A FULL investigation is to be launched into the failure of Edinburgh-based lender Halifax Bank of Scotland.

The Financial Services Authority (FSA) has attracted the ire of MPs by refusing to look at the collapse of Northern Rock or Bradford & Bingley.

The HBOS probe will start once the City regulator has decided whether to take enforcement action against any key players in the period before the bank was swallowed by Lloyds in a rescue takeover.

The FSA, yet to produce a long-awaited report on the near-collapse of Royal Bank of Scotland (RBS) after its investigation, concluded no-one should face charges.

In a letter to the Treasury Committee, FSA chairman Lord Adair Turner said: “As with RBS, HBOS’s failure resulted in the need for significant public support.

“And HBOS’s role in the pre-crisis credit boom was a key element in the developments, which led to the financial crisis.

“There is therefore a public interest in knowing what happened at HBOS as well as at RBS.”

Previously fast-growing HBOS, headed by Andy Hornby, ran into problems in 2008 when investors pulled funding, concerned about mounting losses from its mortgage book and on large loans to the ailing property and retail sectors.

Its takeover by Lloyds TSB was controversial with those worried about the disappearance of a major Scottish institution.

Many Lloyds TSB shareholders were unhappy about being landed with a troubled loan book. The combined bank had to be supported with a £20 billion Government capital injection, leaving it 41% state-owned.

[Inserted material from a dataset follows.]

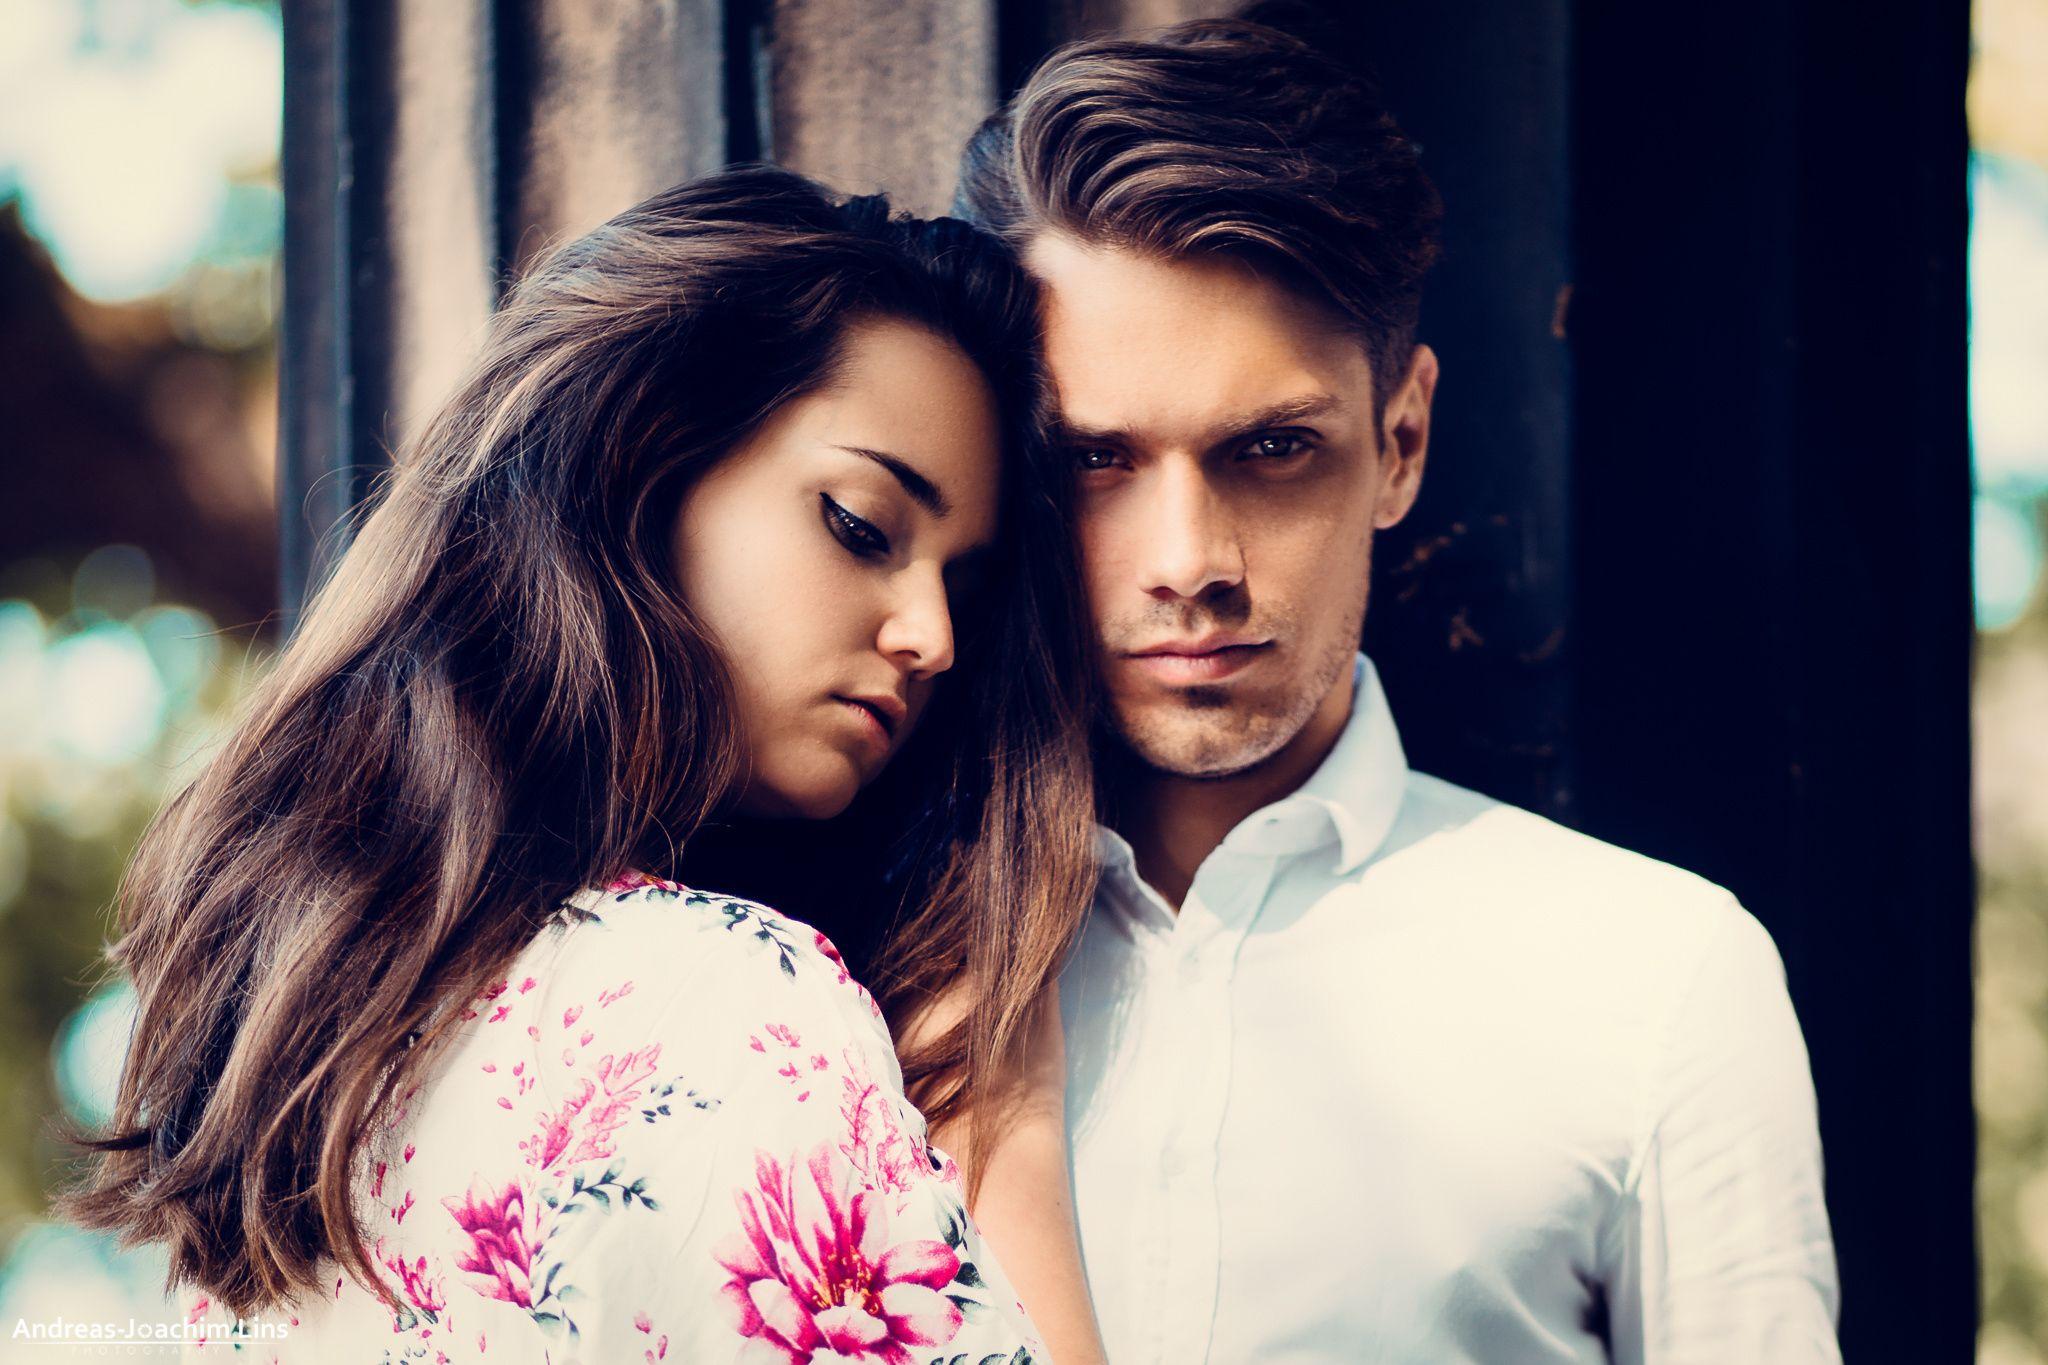 Le Male - Models: Lea Carina // Lorenzo Pombo Wulfes

Lord Turner confirmed the FSA had launched an enforcement investigation at HBOS that could lead to charges against key staff.

“Once the investigation process is completed and the final result announced, however, we would intend to begin work on a report into HBOS, providing an account of the developments over the years preceding the crisis which put HBOS in an unsustainable position in autumn 2008,” he said.

Treasury Committee member Stewart Hosie told The Herald: “It is always very helpful to learn lessons when something like this has happened.”

The Dundee East MP added: “I think the disappointment the committee has is the way (the FSA) dismissed the opportunity to look again at Northern Rock and Bradford & Bingley, given the scale of the direct support they received.”